Friday, July 20, 2012

Acts 10 - Unclean Meats

In an article posted recently on Huffington Post about Chick-Fil-A titled "Did Jesus Eat Chick-Fil-A at the Last Supper?", the author attempted to use scripture to call out Chick-Fil-A on its hypocrisy.  In this case, the author pointed out that bacon was forbidden by the bible and yet they have it on their menu.  I cheer on this author despite his motives for the attack.

In a followup article (rebuttal) on Newsbusters.org, the following was stated:
Again, Scudera’s biblical ignorance was evident. In Acts 10:15, St. Peter was commanded to eat animals forbidden by the Jewish dietary law in a dream. With the coming of Christianity, the old dietary restrictions setting apart the Jews as the Chosen People did not apply; the Gospel of Jesus Christ was extended to everyone, Jew and Gentile alike.
So, let's review what Acts does and does NOT say about eating unclean animals.

Acts 10:9-17
9 About noon the following day as they were on their journey and approaching the city, Peter went up on the roof to pray.
10 He became hungry and wanted something to eat, and while the meal was being prepared, he fell into a trance.
11 He saw heaven opened and something like a large sheet being let down to earth by its four corners.
12 It contained all kinds of four-footed animals, as well as reptiles of the earth and birds of the air.
13 Then a voice told him, "Get up, Peter. Kill and eat."
14 "Surely not, Master!" Peter replied. "I have never eaten anything impure or unclean."
15 The voice spoke to him a second time, "Do not call anything impure that Yahweh has made clean."
16 This happened three times, and immediately the sheet was taken back to heaven.
17 While Peter was wondering about the meaning of the vision, the men sent by Cornelius found out where Simon's house was and stopped at the gate.
Notice a few things here.  It does not say that Yahweh has declared all animals to be clean.  Also notice, and this is key, that in verse 17, Peter was wondering about the meaning of the vision.  If, as Christianity declares, the intent was that all animals were now clean, what was there for Peter to ponder unless he knew it meant something other than what is declared by Christianity.

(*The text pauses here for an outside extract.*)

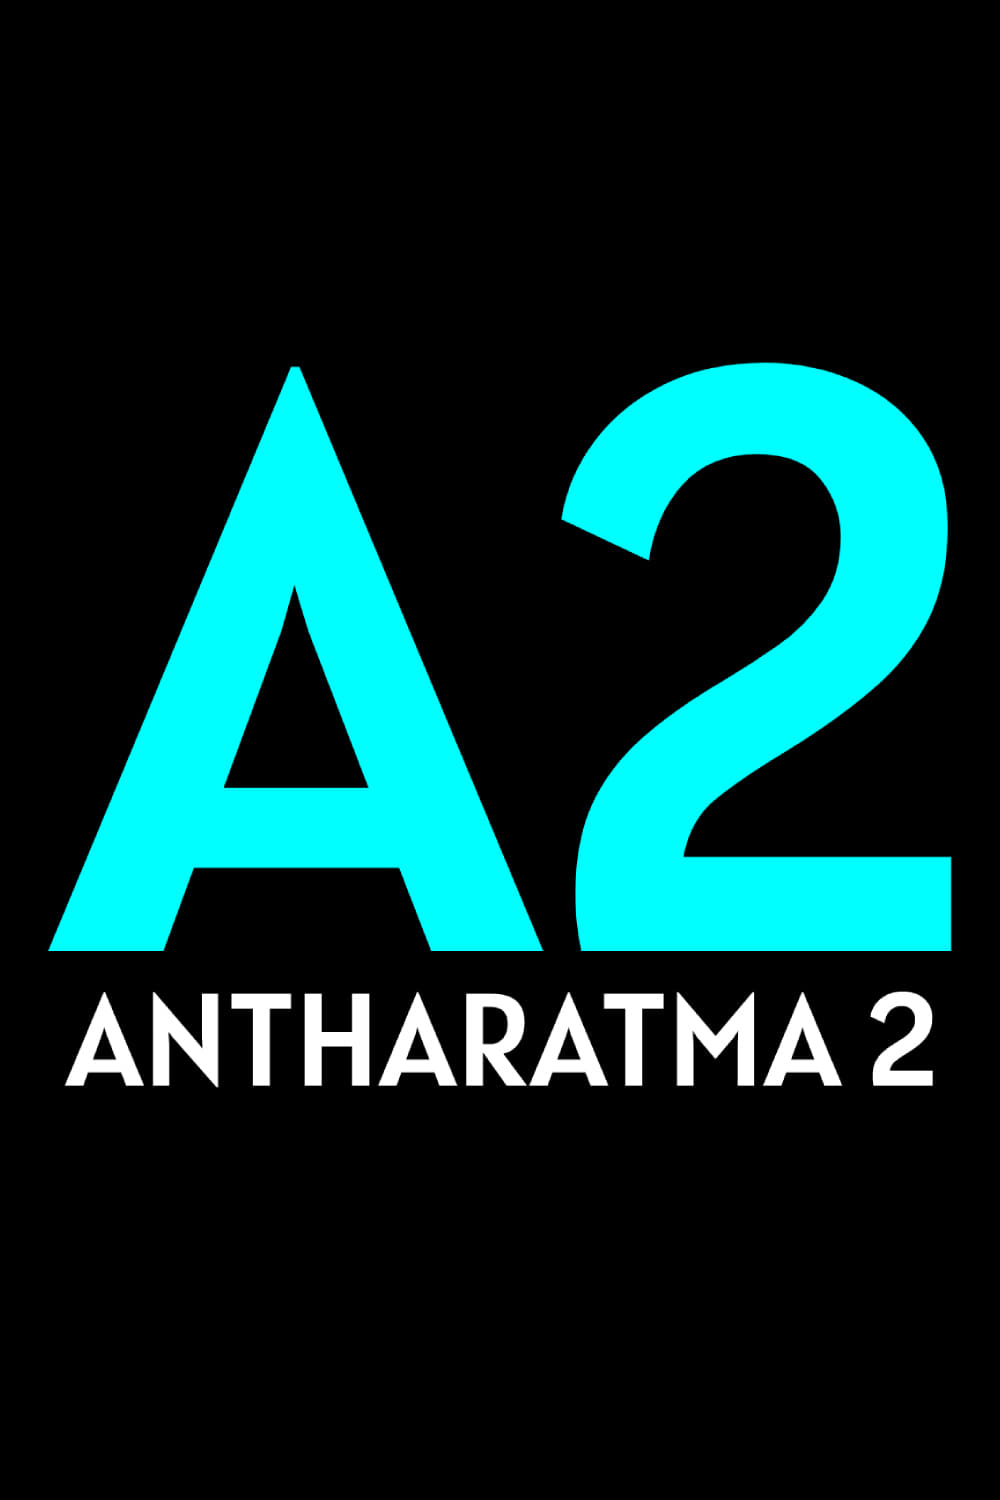 Antharatma 2

In Acts 11, Peter retells the entire tale to the believers in Jerusalem who were upset that he went into a house and ate with uncircumcised men.  Notice the response in verse 18 by those who hear this story:
Acts 11:18
When they heard this, they had no further objections and praised Yahweh, saying, "So then, Yahweh has granted even the Gentiles repentance unto life."
Where is the celebration that they could now eat any animal they wished?  How could they leave that out of their praise to Yahweh?  Did they also understand, just as Peter, that the vision was for the purpose of not judging men based on their situation if Yahweh has chosen them, but that Yahweh made no change to the law of clean or unclean meats?

So Christianity reads what they wish to get out of this, when Peter and the other believers in Jerusalem knew what Yahweh really meant.